PowerVR Rogue Architecture

Sebbi, I've done some analysis of this recently, and I'm quite confident that no matter what clever tricks anyone comes up with, tiled deferred lighting is nearly certainly NOT the optimal solution for either PowerVR or ARM. It is much better for us to use lighly tesselated geometry (~50 vertices/triangles per sphere or cone maximum) with Pixel Local Storage (or simply discarding the outputs at the end of the pass in Metal).
This is also my current mobile lighting pipeline design. During my career I have implemented pretty much every single variation of deferred rendering. I suppose it would be faster to discard (or branch out) pixels outside light's influence in the light pixel shader (before doing the lighting math) instead of using stencil to mark pixels that are inside the light volume (stencil mark pixels that fail depth of the light front faces, render light back faces with dpeth fail)? Without stencil you can pick only one culling direction (render light back faces with depth fail or light front faces with depth pass). Both have their good and bad cases.

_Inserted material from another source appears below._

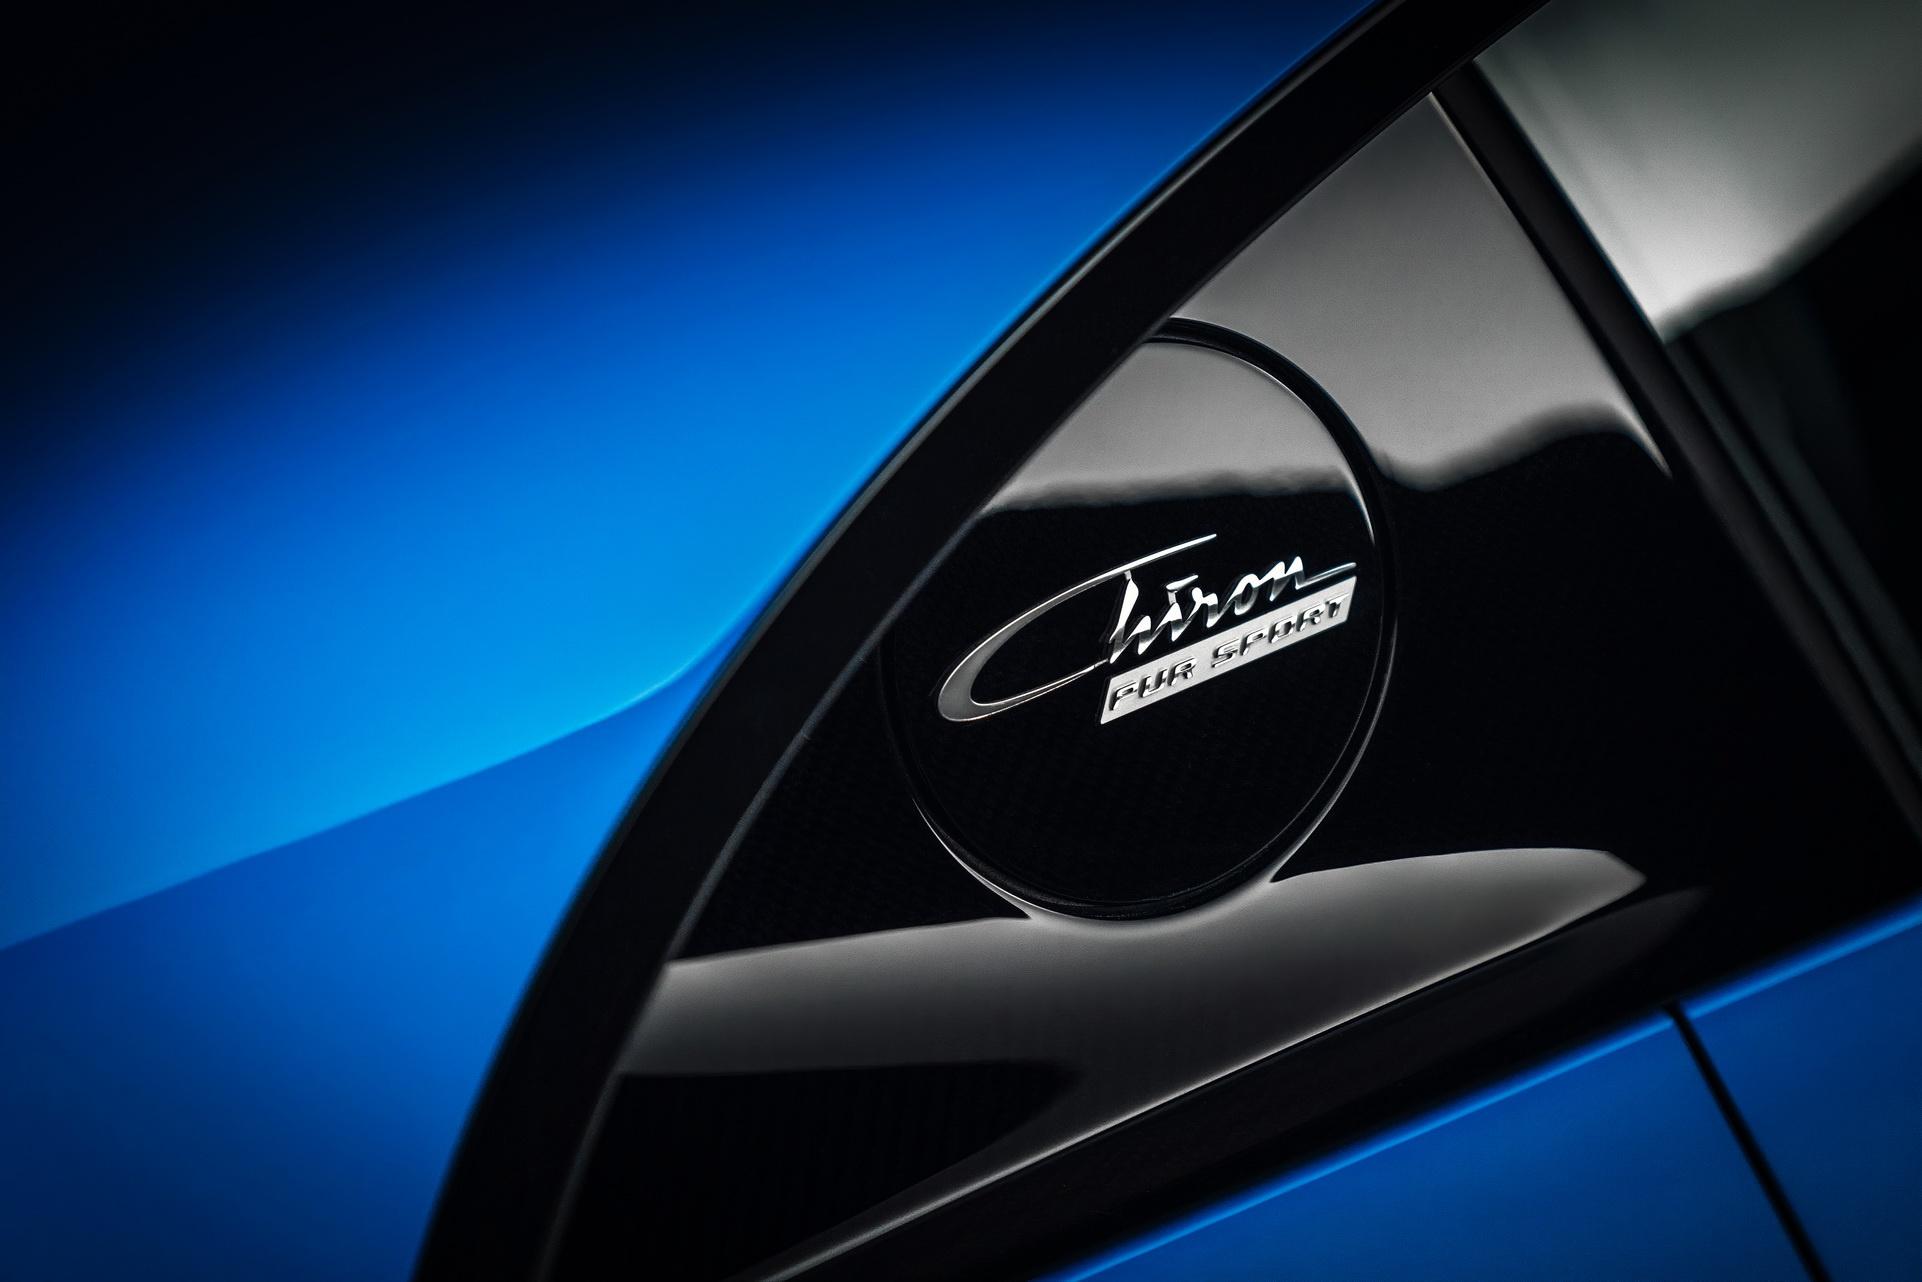 Bugatti Chiron phien ban moi ra mat - sieu xe gia 3,55 trieu USD hinh anh 16 B6.jpg
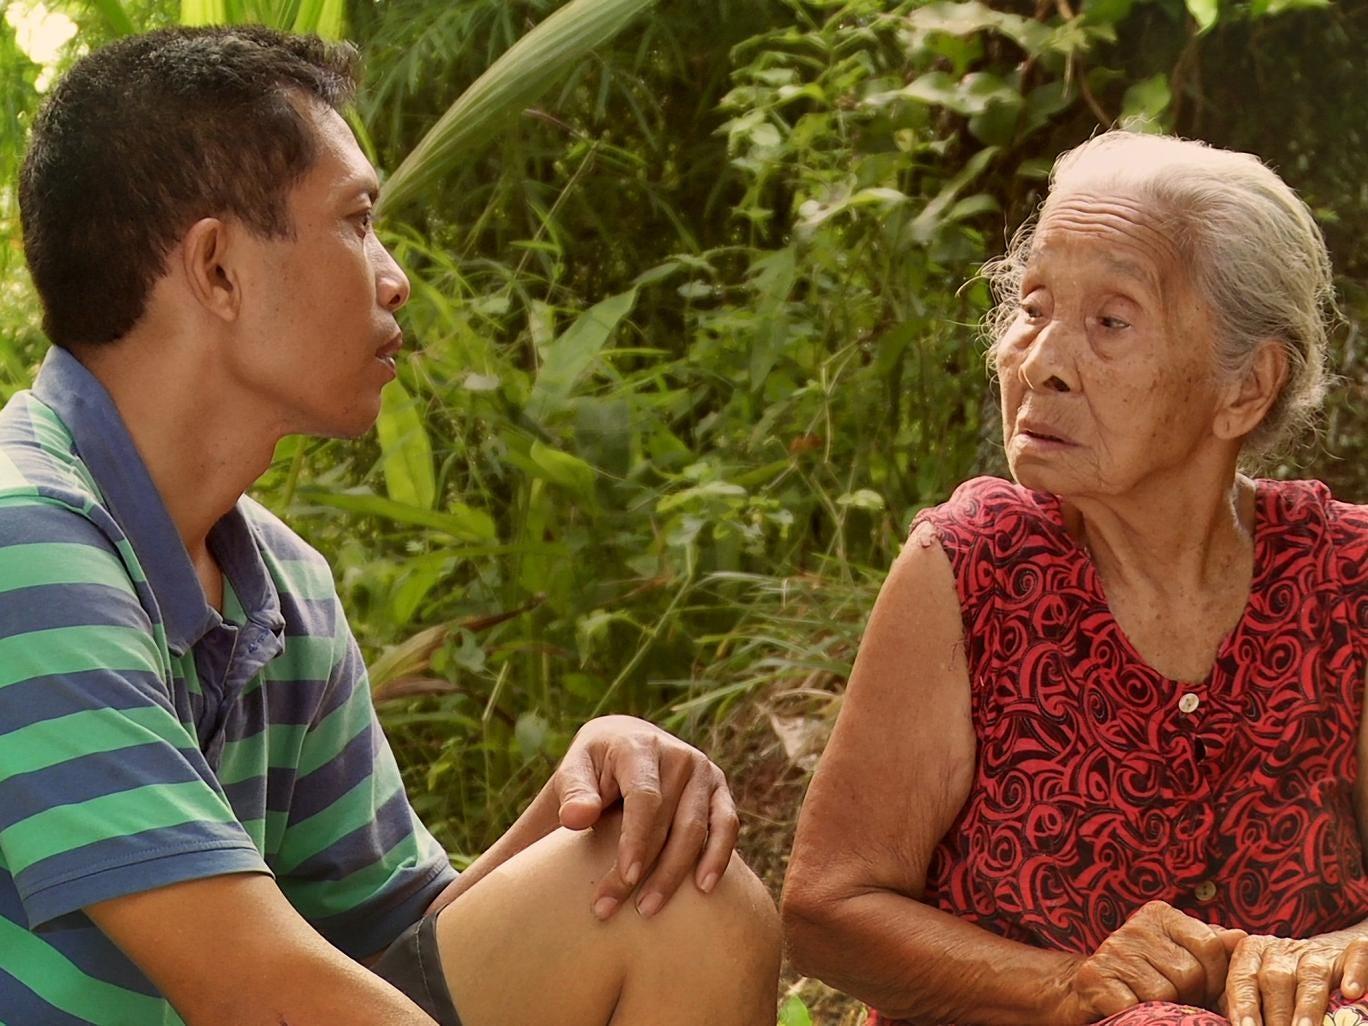 Adi Rukun and his mother, Rohani, in 'The Look of Silence'

I am a bit worried that in the worst case there are going to be considerably more lighting shader invocations (unless stencil buffer two side culling is used) compared to tiled lighting. Tiled lighting does both min/max depth bounds tests, so the culling is quite precise (and of course test is executed only once per tile, not once per pixel). We also have a preprocess light transform + viewport + occlusion culling compute shader that reduces the number of lights by a big amount (usually 10x or more). This makes tile culling more efficient. Unfortunately light occlusion culling pass (depth pyramid test) is not possible to do efficently on tiled architectures, as the whole depth buffer is not available before the lighting step starts. I suppose occlusion culling lights is not that important for tiled architectures, if the light geometry is very simple and if future mobile APIs support multidraw (Vulkan does). Multidraw is definitely needed if you want to reach similar light counts as tiled lighting pipelines (we can do 16k visible animating lights at 60 fps).
 
I suppose it would be faster to discard (or branch out) pixels outside light's influence in the light pixel shader (before doing the lighting math)
That is an interesting question. GFXBenchmark 3.x / Manhattan does per-pixel discard to optimise the lighting equations, and so every major mobile GPU designer had to optimise for this case in the last year (or was lucky to already be optimsed for it). So it's a safe bet that it's not going to hit an ultra-slow-path on any modern mobile architecture, and is likely to only get faster in the future. Certainly for some architectures it was significantly faster to branch ~2 years ago, but this has meant discard should be as fast now (note that multiple discards per shader are handled differently by different architecture and/or compilers, and you may or may not be saving the work in-between the first and last discard).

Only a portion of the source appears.